Книга Театр отчаяния. Отчаянный театр - Евгений Гришковец
Шрифт:
Интервал:
Закладка:
Я ехал автобусом домой после спектакля в очень тяжёлом и подавленном состоянии.
Когда меня не понимали одноклассники – это было одно. А тут я сам не понимал и не верил сотням взрослых людей.
Мне не удалось справиться с навалившимся на меня в театре непониманием ни на следующий день, ни через неделю. В то время и в том возрасте я ещё не страдал сомнениями в себе, а только изредка мучился ими. Но тут сомнения разыгрались. А вдруг что-то не так со мной? Может, я был не в том настроении? Может, случился не мой день? Не может быть, чтобы много людей так жестоко ошибались или были введены в заблуждение. Не опоили же их чем-то специальным перед спектаклем.
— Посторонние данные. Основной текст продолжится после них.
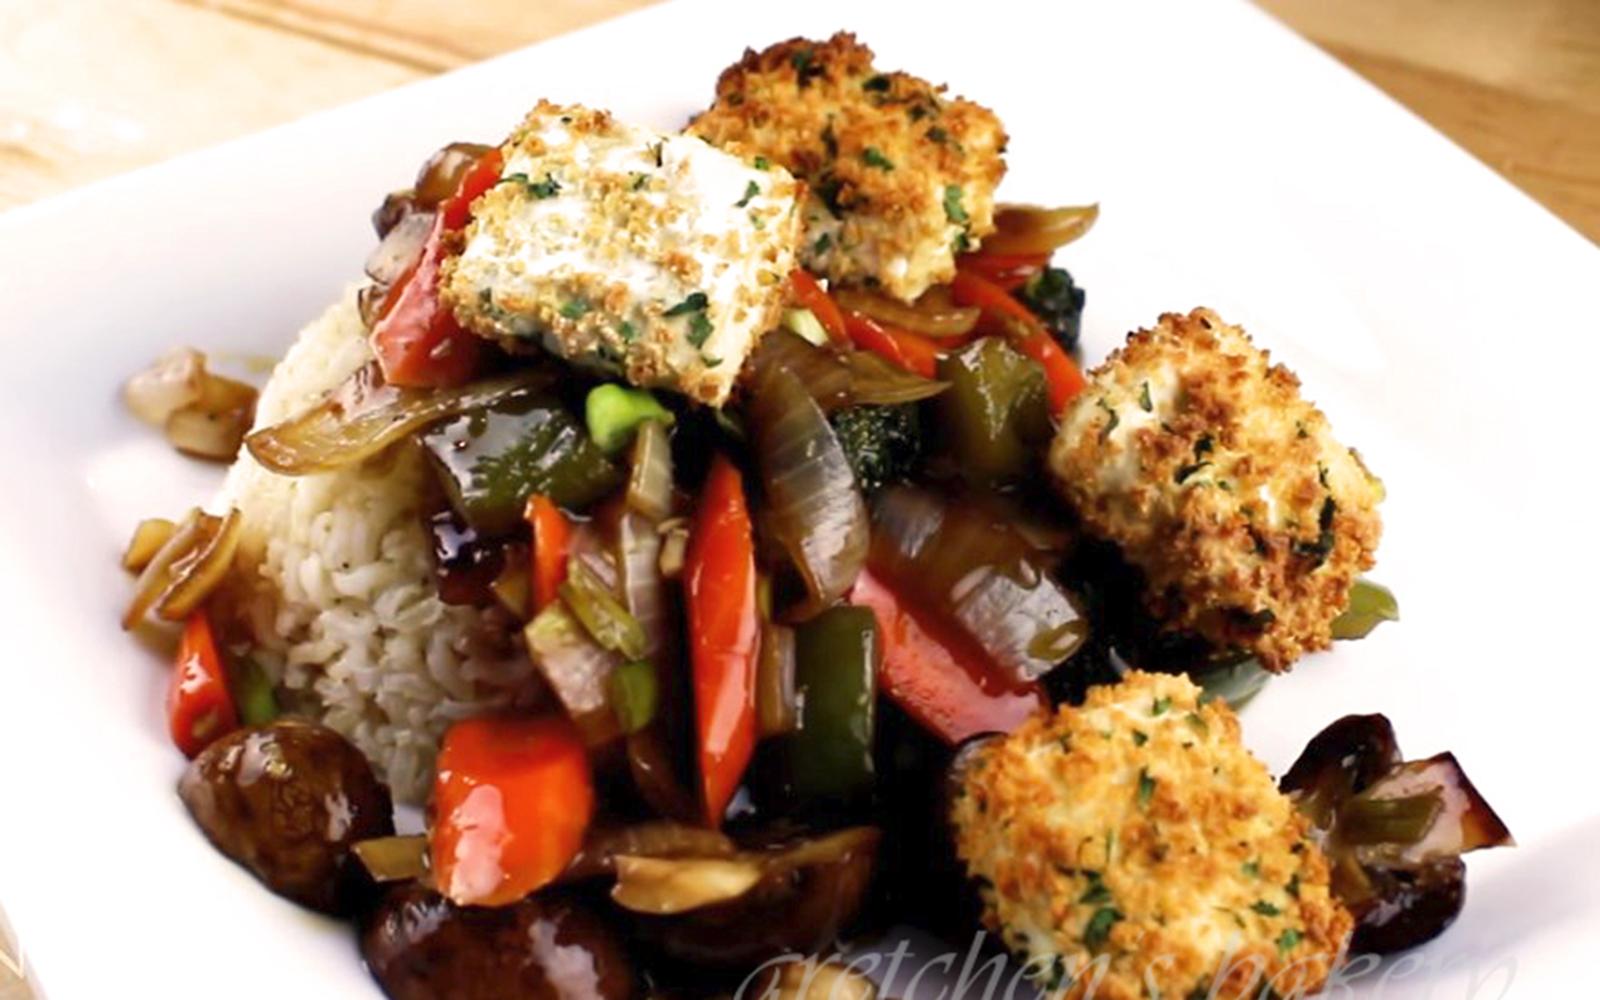 Crispy Tofu Vegetable Stir-Fry

Может быть, дело всё же во мне? Я много думал об этом. Театр не давал мне покоя. Когда доводилось мимо театра проходить или проезжать, многие чувства вскипали во мне, чувства самые разные – от тревоги до раздражения и гнева.
Окончательно утомившись этими переживаниями, я решил проверить себя и театр ещё раз. Кстати, на фасаде драмтеатра появилась новая афиша. Ожидалась большая премьера. И я впервые в жизни один, самостоятельно, поехал в центр города в театр и заранее купил билет.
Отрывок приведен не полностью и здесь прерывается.